Temporal coherence and controllable generation in video diffusion models.
Overview
Video generation sits at the frontier of generative AI. We research temporal consistency in diffusion-based video models, efficient architectures for long video synthesis, and fine-grained motion control for production media workflows.
Research Directions
Temporal attention architectures
Attention mechanisms that reason across frames without quadratic cost scaling with sequence length.
Motion conditioning
Trajectory-conditioned generation enabling precise control over camera movement and object motion.
Video LoRA fine-tuning
Adapting pre-trained video models to specific subjects, styles, and motion vocabularies.
Latent video compression
Efficient video VAEs that compress temporal sequences without frame-level flicker artifacts.
Long-form coherence
Maintaining semantic and visual consistency across clips exceeding 60 seconds.
Current production video models fall into two architectural families: video diffusion transformers (DiT-based, e.g., Sora, CogVideoX) and cascaded latent diffusion models (e.g., Stable Video Diffusion). DiT models scale more predictably with compute but require significantly larger training budgets. Latent diffusion models are more accessible for fine-tuning but show earlier quality ceilings.
Frame-level diffusion generates sharp images but produces temporal flicker: small inconsistencies between adjacent frames that are imperceptible per-frame but visually disturbing in motion. Solving this requires conditioning each frame on its neighbors, either via 3D convolutions, temporal attention, or explicit optical flow guidance. We use a hybrid: sparse 3D attention for local consistency and cross-frame CLIP embeddings for global semantic coherence.
Generating a 30-second clip at 24 fps with a standard video DiT requires processing 720 frames through multiple denoising steps. Naive inference at this scale exceeds the memory of a single H100. We apply sliding window denoising with cross-window overlap and use a distilled consistency model for later denoising steps, reducing inference time by 3.5x while maintaining perceptual quality scores above 0.92 SSIM.

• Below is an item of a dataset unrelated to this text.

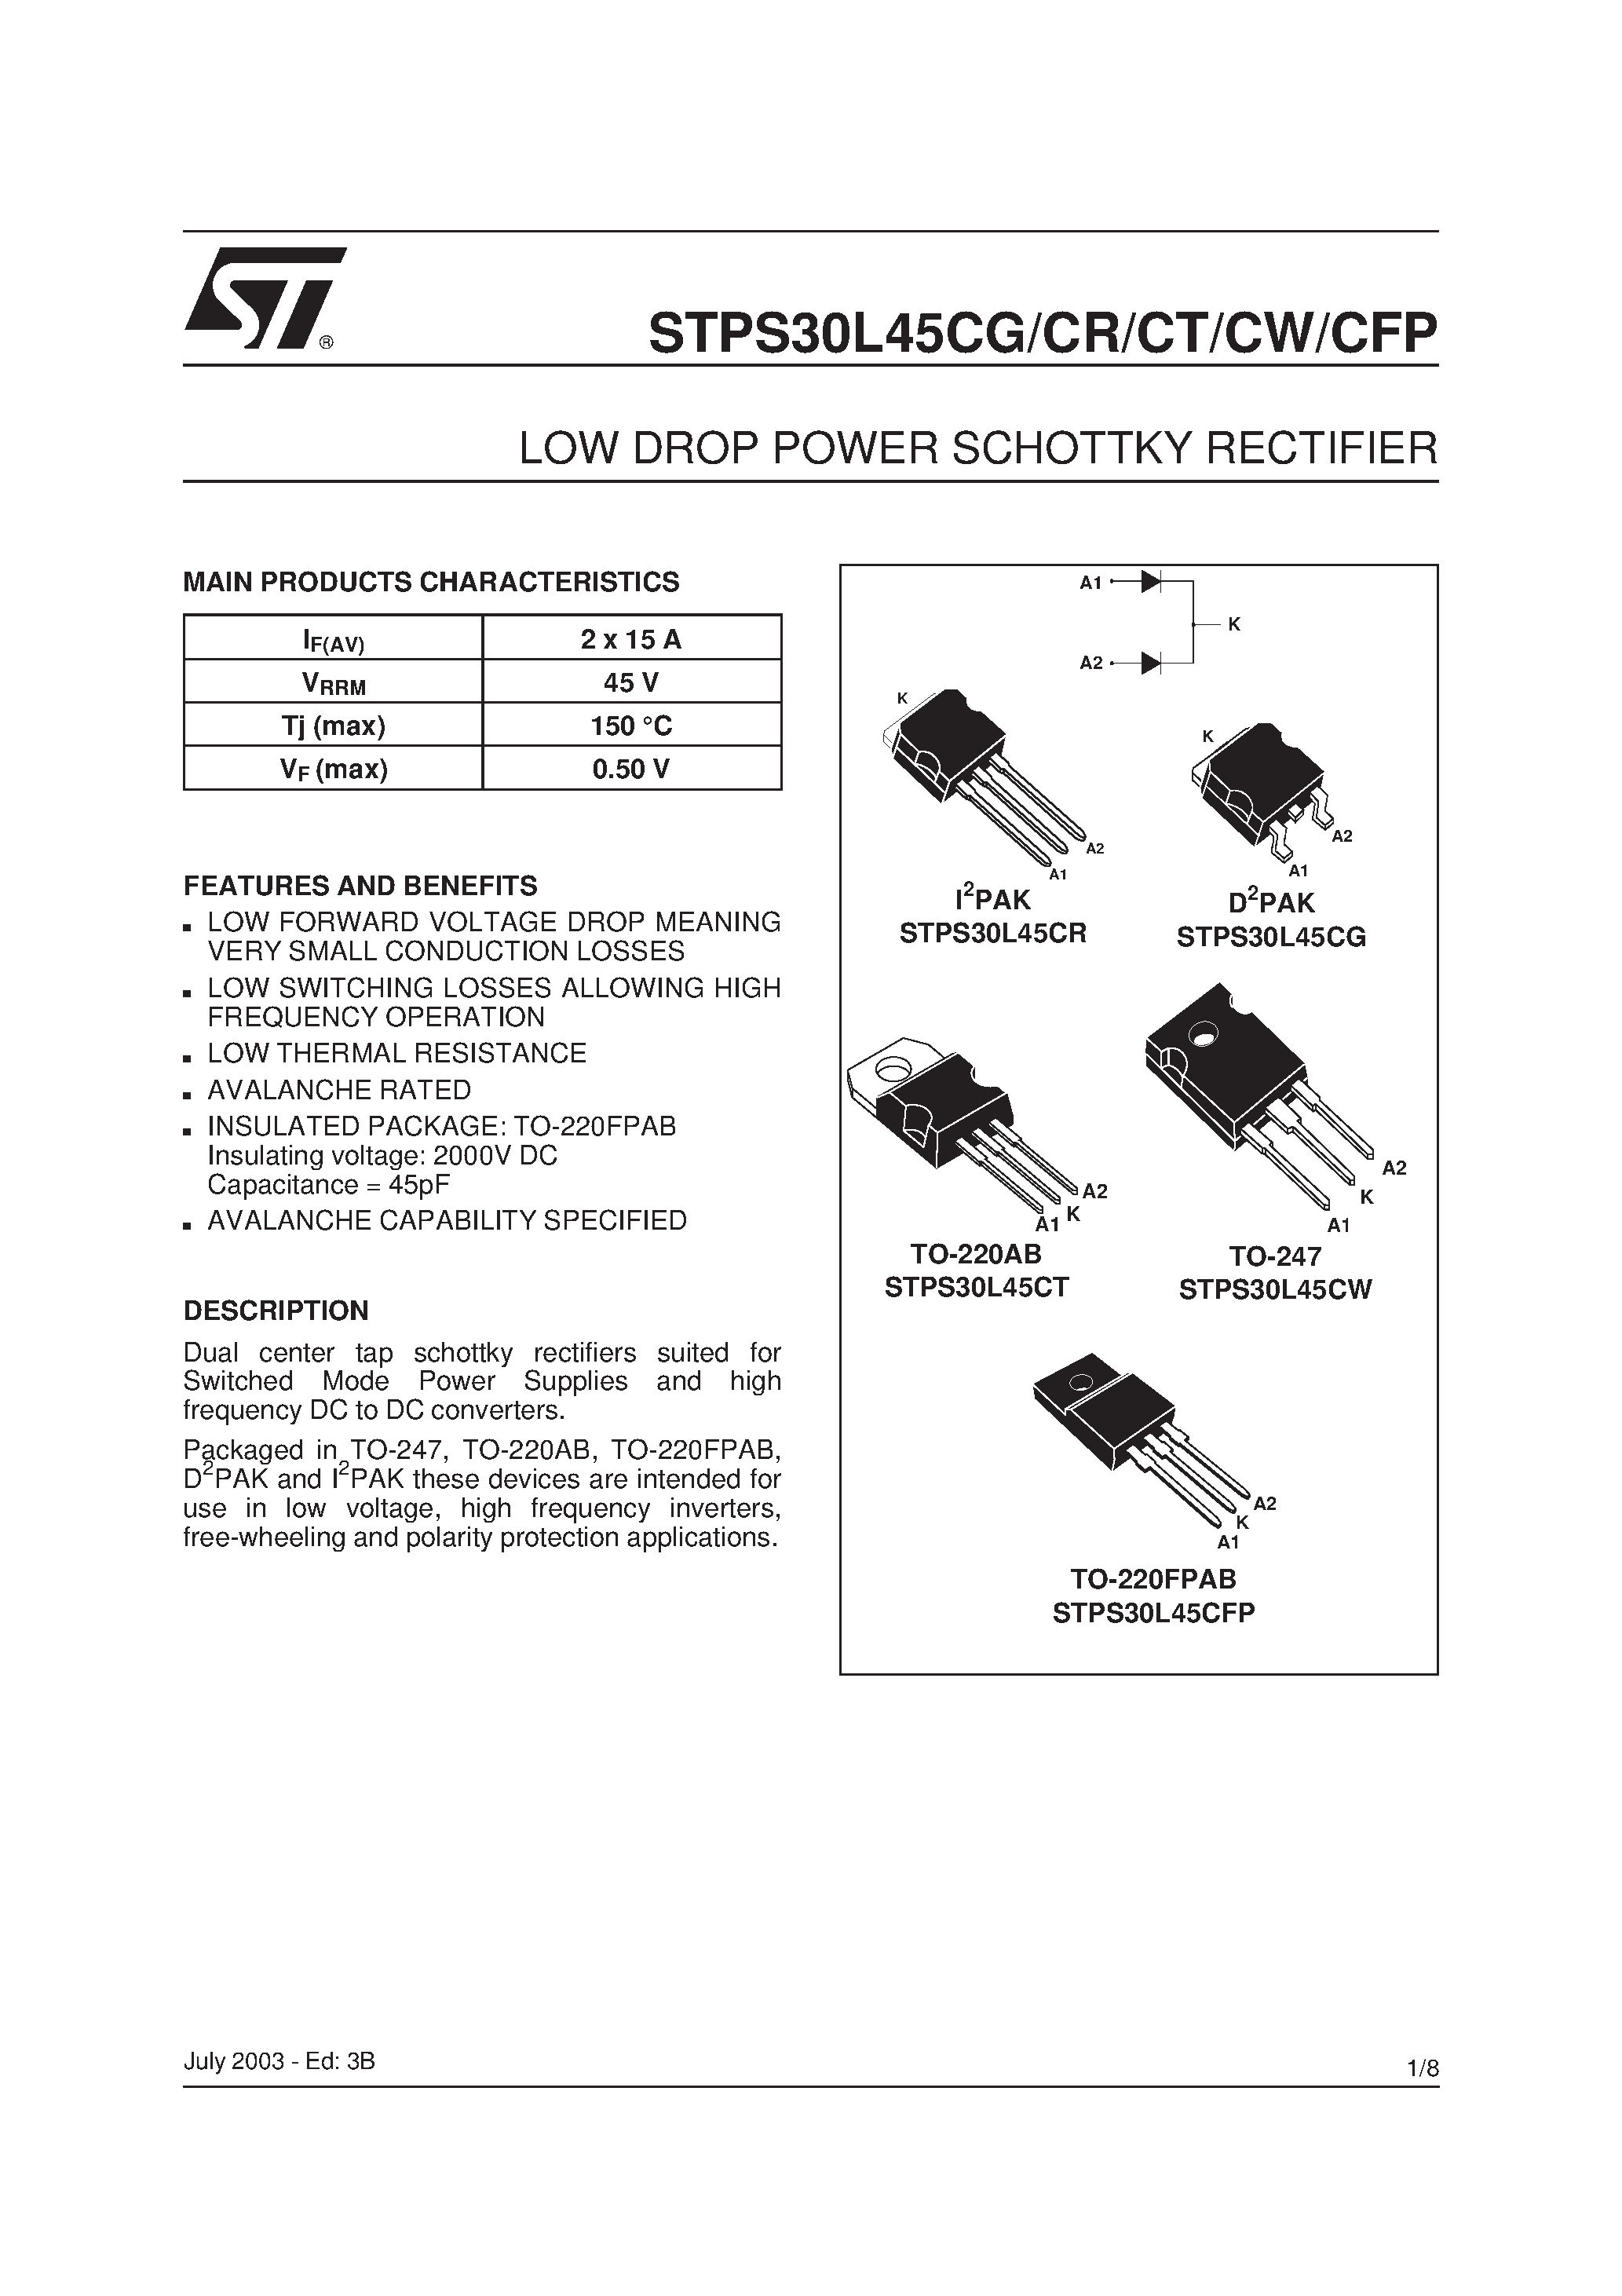 Datasheet STPS30L45CFP - (STPS30L45CG/CR/CT/CW/CFP) LOW DROP POWER SCHOTTKY RECTIFIER page 1
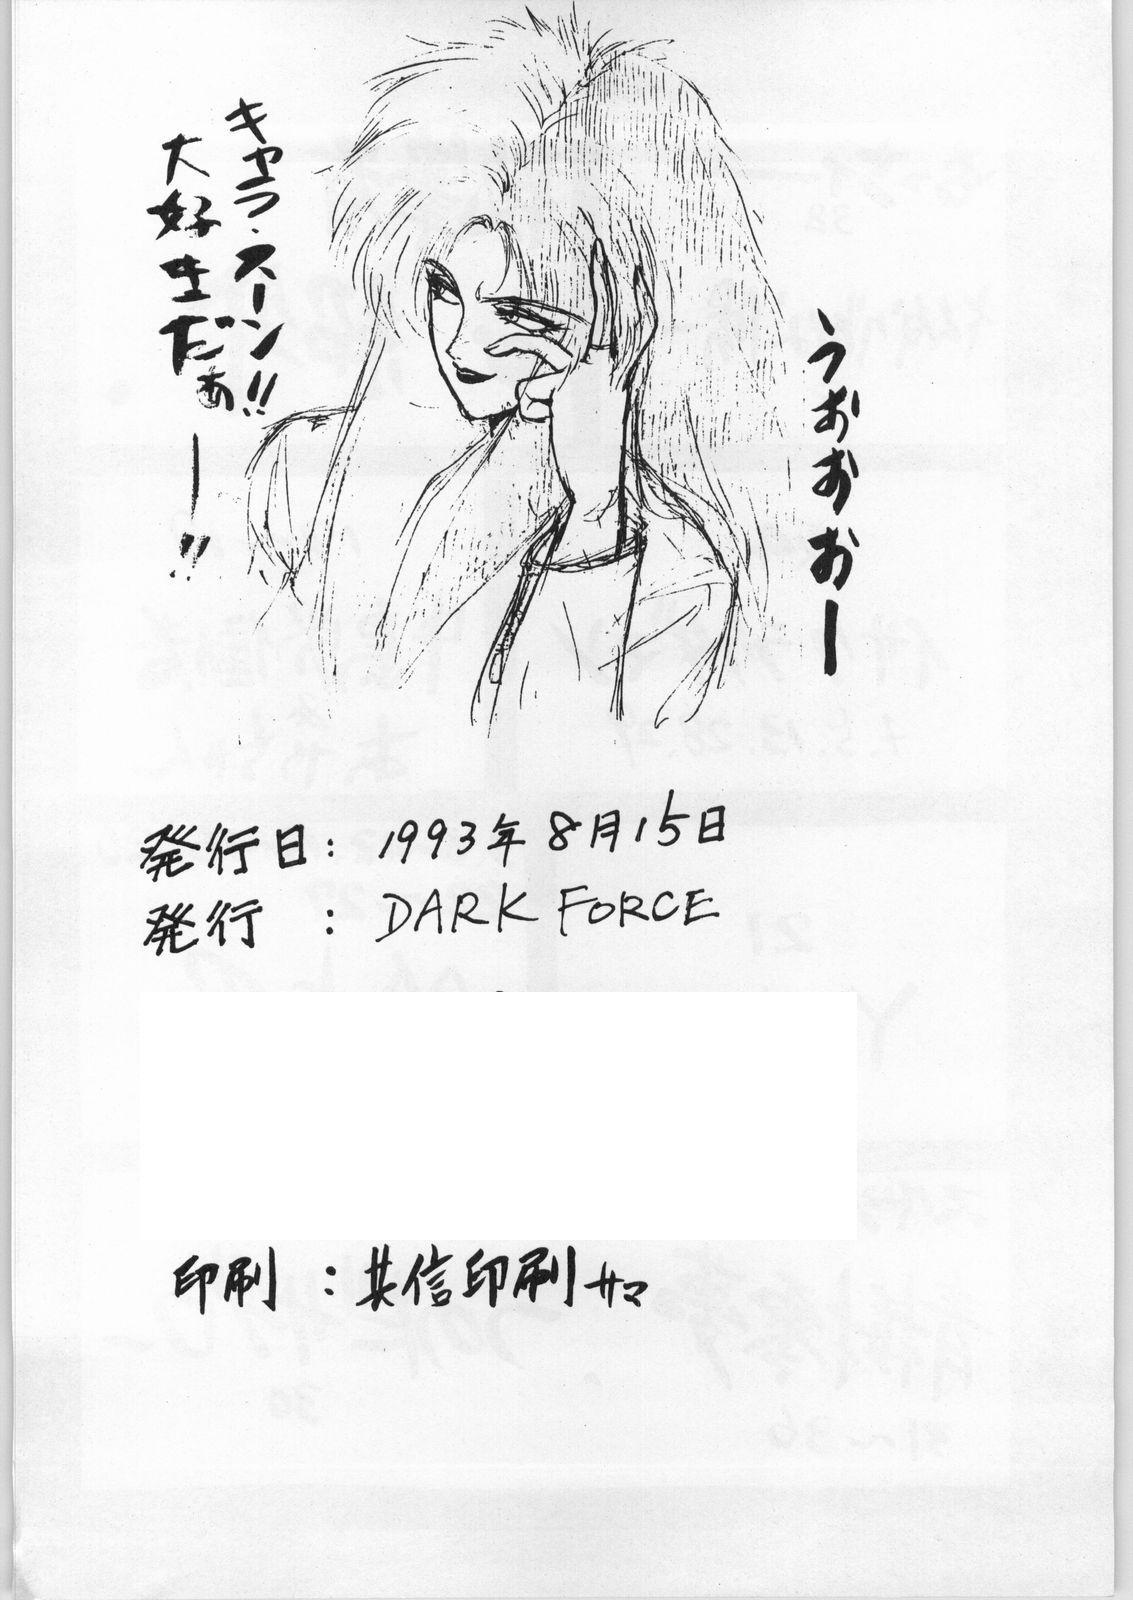 Exhibition Yaen - Street fighter Giant robo Gundam 0083 Blackdick - Page 37

For production workflows, uncontrolled motion generation is insufficient. We train motion ControlNet adapters on camera trajectory annotations from large video datasets, enabling precise conditioning on pan, tilt, zoom, and dolly paths. Object-level motion is conditioned via 2D bounding box trajectories that the model follows while filling in plausible appearance variations.
Trajectory encoding
Camera trajectories are encoded as sequences of 4x4 rotation-translation matrices, projected to a learned embedding space. This representation is rotation-equivariant and generalizes to camera paths not seen during training.